We compared the accuracy of the CNNs and AHRF for wound images with varying sizes of wound and skin segments. It can be observed in Sample 4 of Fig-9 how detection of skin pixels (larger segments) is better than that of the wound segment (smaller) for the networks because of the huge class imbalance in data. This trend is not observed for AHRF because AHRF is trained jointly for all three classes. Hence, the wound classifier can utilize the information learned for skin. For example, areas not classified as skin but surrounded by skin automatically get a higher probability of belonging to the wound class.

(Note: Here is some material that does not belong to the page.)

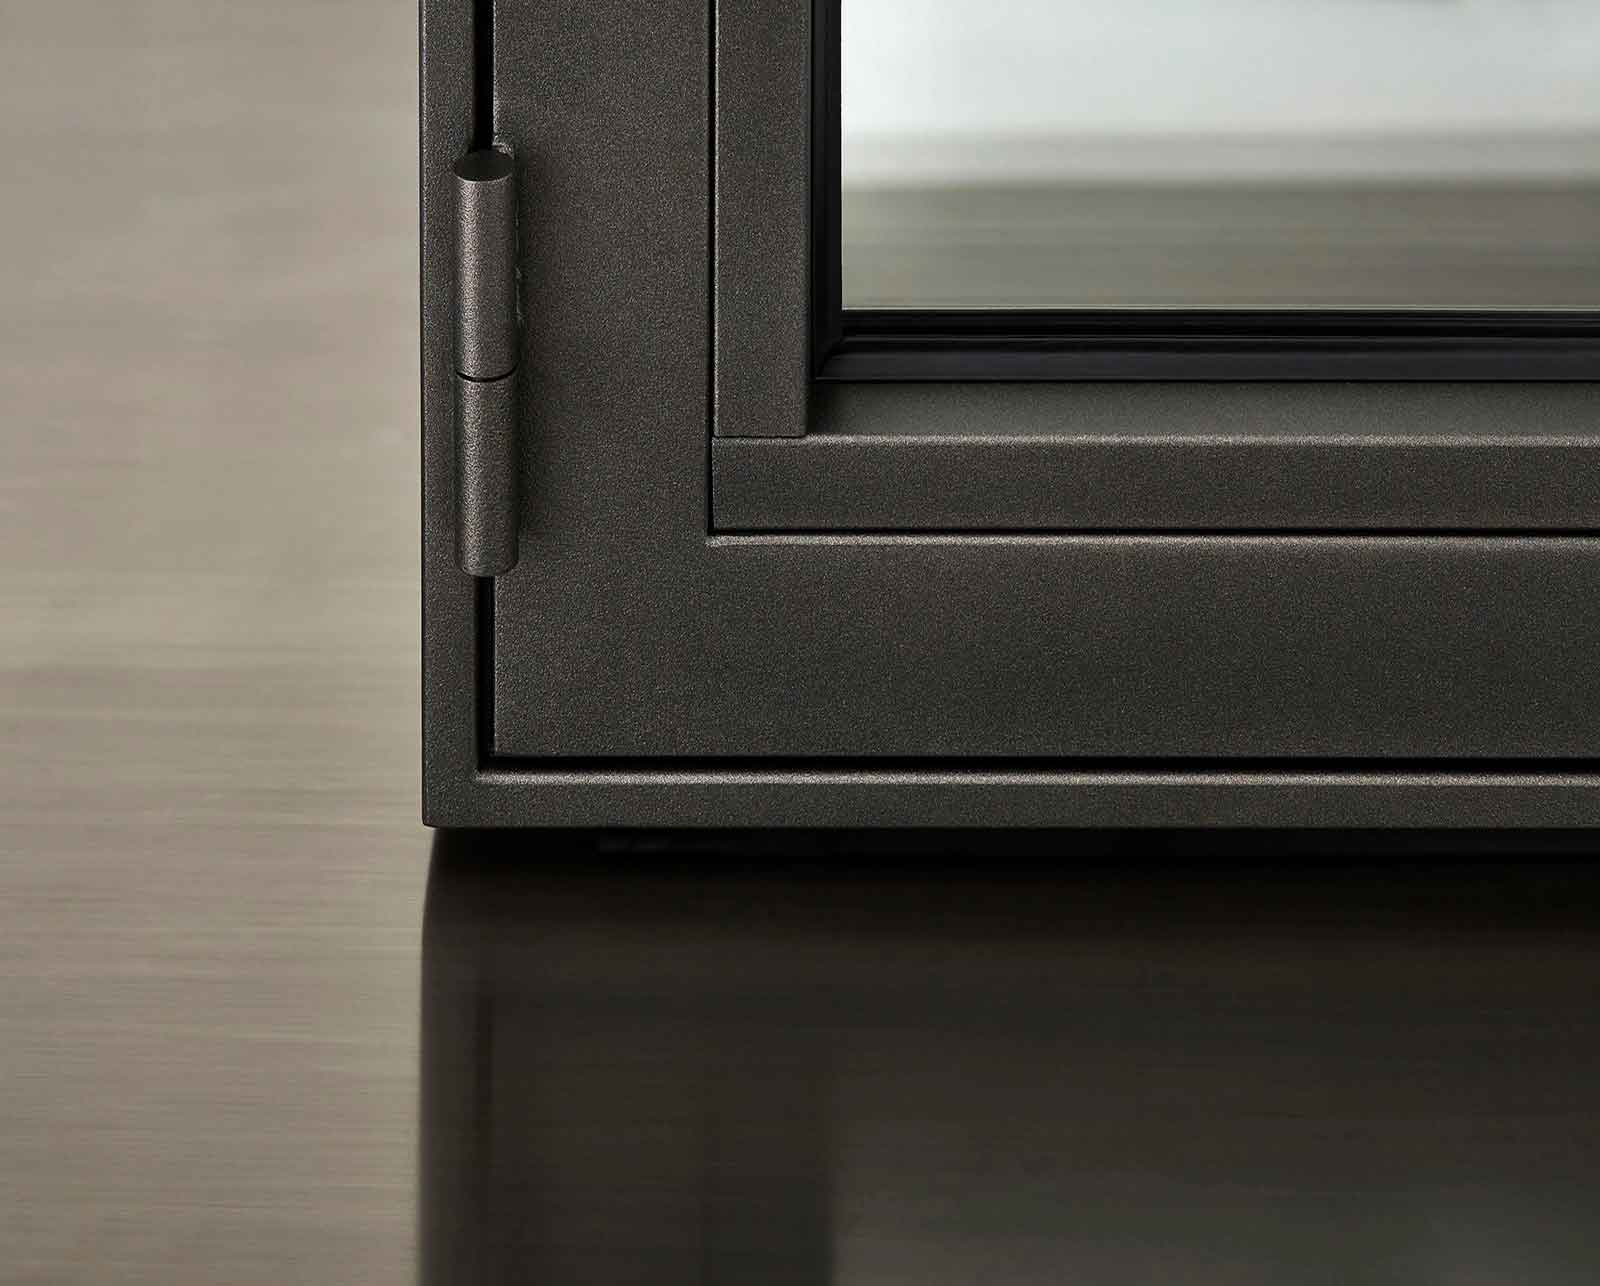 درب-و-پنجره-یو-پی-وی-سی-رنگی-آماج-صنعت-رنگی-106
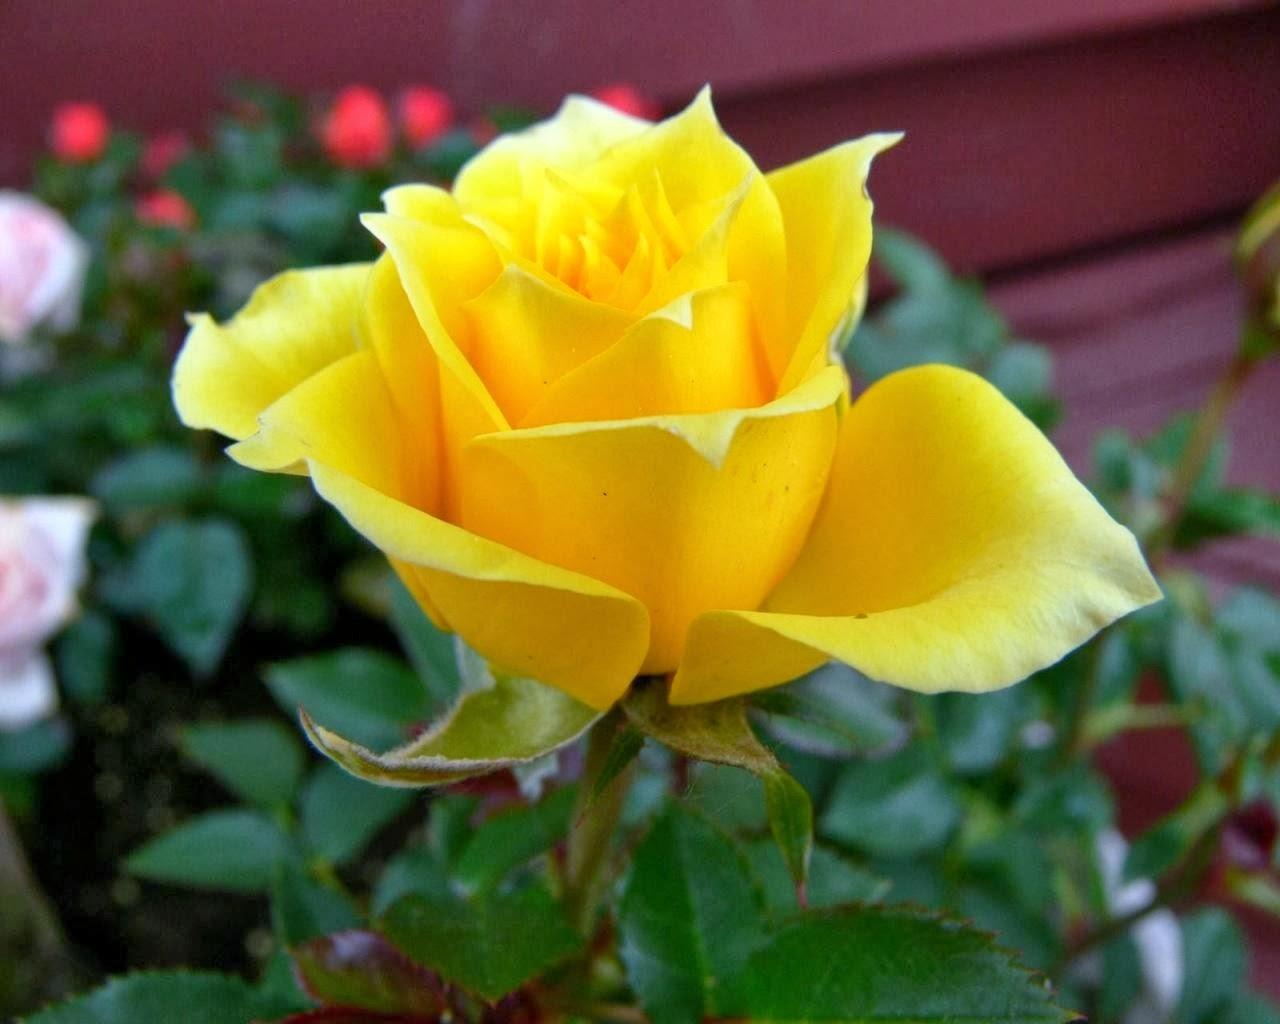 One Yellow Rose

5). Sensitivity to the Relative Proportion of the Wound Segment:

The sensitivity of segmentation to changes in the proportion of image covered by the wound is studied for all three datasets. Figures 10, 11, and 12 show the accuracy of AHRF and the CNNs as the wound size varies in the form of box plots. We show box plots that includes information on both the mean Dice score as well as its variation across various folds. The width of the box plot shows how stable the reported mean Dice score is across various folds. Dice score variance is shown for percentage of wound pixels in the images. The wound percentage is defined as the ratio of number of wound pixels to the total number of pixels. Due to the connective property of AHRF which results from its clique potential, it fails to work well on images that have small wounds because neighboring skin pixels cause a small wound to also be classified as skin. The deep learning networks do not face this problem and work well on wounds of a small size.

Fig. 10:

Fig. 10:

Box plots of wound percentage of wound pixels vs dice coefficient for dataset 1

Fig. 11:

Fig. 11:

Box plots of wound percentage of wound pixels vs dice coefficient for dataset 2

Fig. 12:

Fig. 12:

Box plots of wound percentage of wound pixels vs dice coefficient for dataset 3

The box-plot in Fig-10 shows that AHRF performs better than U-Net even with large variations in the wound size for dataset 1 while FCN and DeepLabV3 match its performance. The CNNs fail to detect wounds smaller than 10% of the wound image whereas AHRF generates some slight segmentations. The box-plot in Fig-11 and Fig-12 shows increased accuracy with as wound size increases for datasets 2 and 3. The height of the boxes shows variance in the performance of all architectures. It can be observed that images with more than 5% of wound pixels have better results for all the architectures. This result can be used to create a guideline for taking usable wound images or cropping the images in a pre-processing phase by keeping the wound percentage more than 5%. For instance, the photographer can be asked to retake (or zoom in) images in which the wound percentage is less than 5%.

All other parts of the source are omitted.